Потом мы вдвоем едем в Харьков. Я с головой окунаюсь в литературную работу, в издательское дело.
Видимся с Мурзиком мало — до моего ухода в издательство и изредка за обедом. По вечерам у меня бесконечные заседания. Сынок обычно просит, когда вернусь, обязательно посидеть у его кровати.
А наутро:
—
— Но ведь ты крепко спал.
— Спал, а все слышал. Ты подошла ко мне, зажгла огонь. Я видел — бледная, усталая, и не хотел приставать. Думал — сама посидишь. Потом тихонечко встал, заглянул в щелку. Ты долго ходила по комнате, потом говорила по телефону…
И спустя несколько минут:
— Хорошо Игорю: его мама целый день дома. И сестренка у Игоря есть.
— Ты бы хотел, чтобы твоя мама тоже целые дни была дома?
Мурзик долго думает, потом твердо говорит:
— Нет, мамочка! Я хочу такую маму, какая у меня есть!
Начался 1927 год. Я готовилась к поездке за рубеж: меня собирались командировать на Выставку книги в Лейпциг. Очень хотелось взять с собой ребенка. Я понимала, что с ним будет трудно, но так велико было желание долго быть вместе!
— Возьми меня, мамуля! Может, мне больше никогда-никогда не удастся туда попасть…
— Что ты, любимый! Вся твоя жизнь впереди. И она будет солнечной. Ведь мы за это боролись.
— Ну хорошо. Тогда расскажи, как все будет при коммунизме.
— Это очень трудно, сынок. Такие ребята, как ты, доживут, увидят. А рассказать почти невозможно.
— Без тебя, мама, я не хочу доживать, — сквозь слезы говорит Мурзик.
Весна пришла поздняя, но дружная.
Госиздат Украины находится почти рядом с домом, и Мурзик часто провожает меня на работу.
Каким же нежным, ласковым проявил себя сынок, когда меня свалила злокачественная ангина!
Ребенку долго запрещали входить ко мне в комнату. Наконец разрешили. Мальчик был просто счастлив. А что с ним творилось, когда увидел меня на ногах!..
— Ты в чулочках, — значит, уже совсем выздоравливаешь! — И закружился, запрыгал по комнате.
Промелькнула первая половина мая. В четверг был сильный ливень, и я задержалась на заседании правления. Часов около пяти приоткрылась дверь, в кабинет заглянула робкая сероглазая мордочка Мурзика.

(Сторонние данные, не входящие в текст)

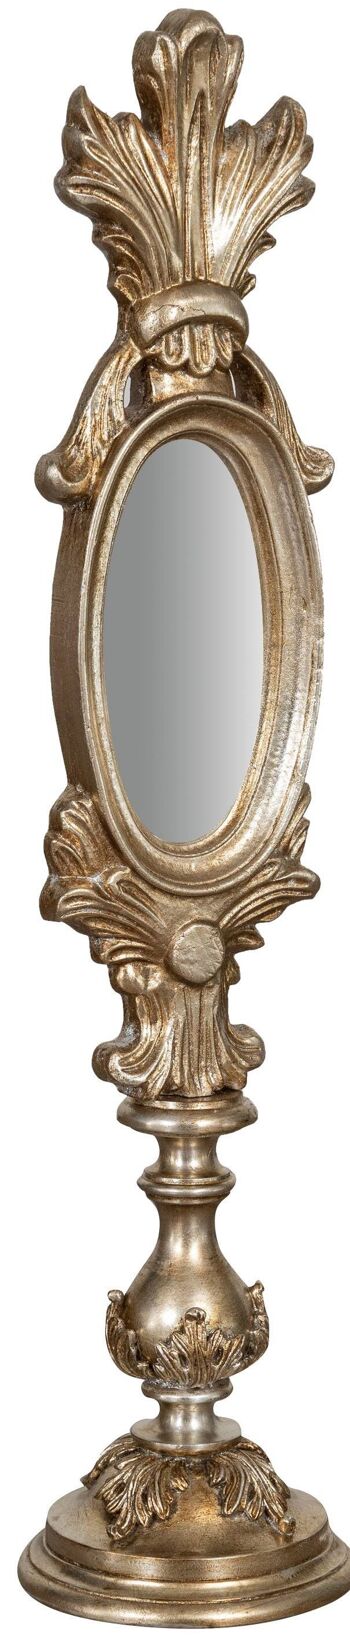 Miroir sur pied en bois avec finition feuille Arg L7595-A 1

— Я сейчас, сынок! Подожди минуту.
Неясная тревога заставила меня отложить все дела, пойти вслед за сыном. Он бросился ко мне навстречу, молчаливый и бледный. Одна ручонка беспомощно повисла вдоль тела, с нее сбегали капли крови. Ребенок, взволнованный моим испугом, разрыдался:
— Меня укусила собака…
Соседи рассказали,
Ночью подошла к постельке Мурзика:
— Сынок, расскажи, как это было. Собака сама тебя укусила или ты дразнил ее? Я не буду журить, не буду сердиться, только скажи все честно.
Мурзик улыбнулся хорошей, открытой улыбкой:
— Я, мамочка, залез к ней в рот и стал щекотать. Она терпела, терпела, а потом не выдержала. Ты не тревожься, ничего страшного нет.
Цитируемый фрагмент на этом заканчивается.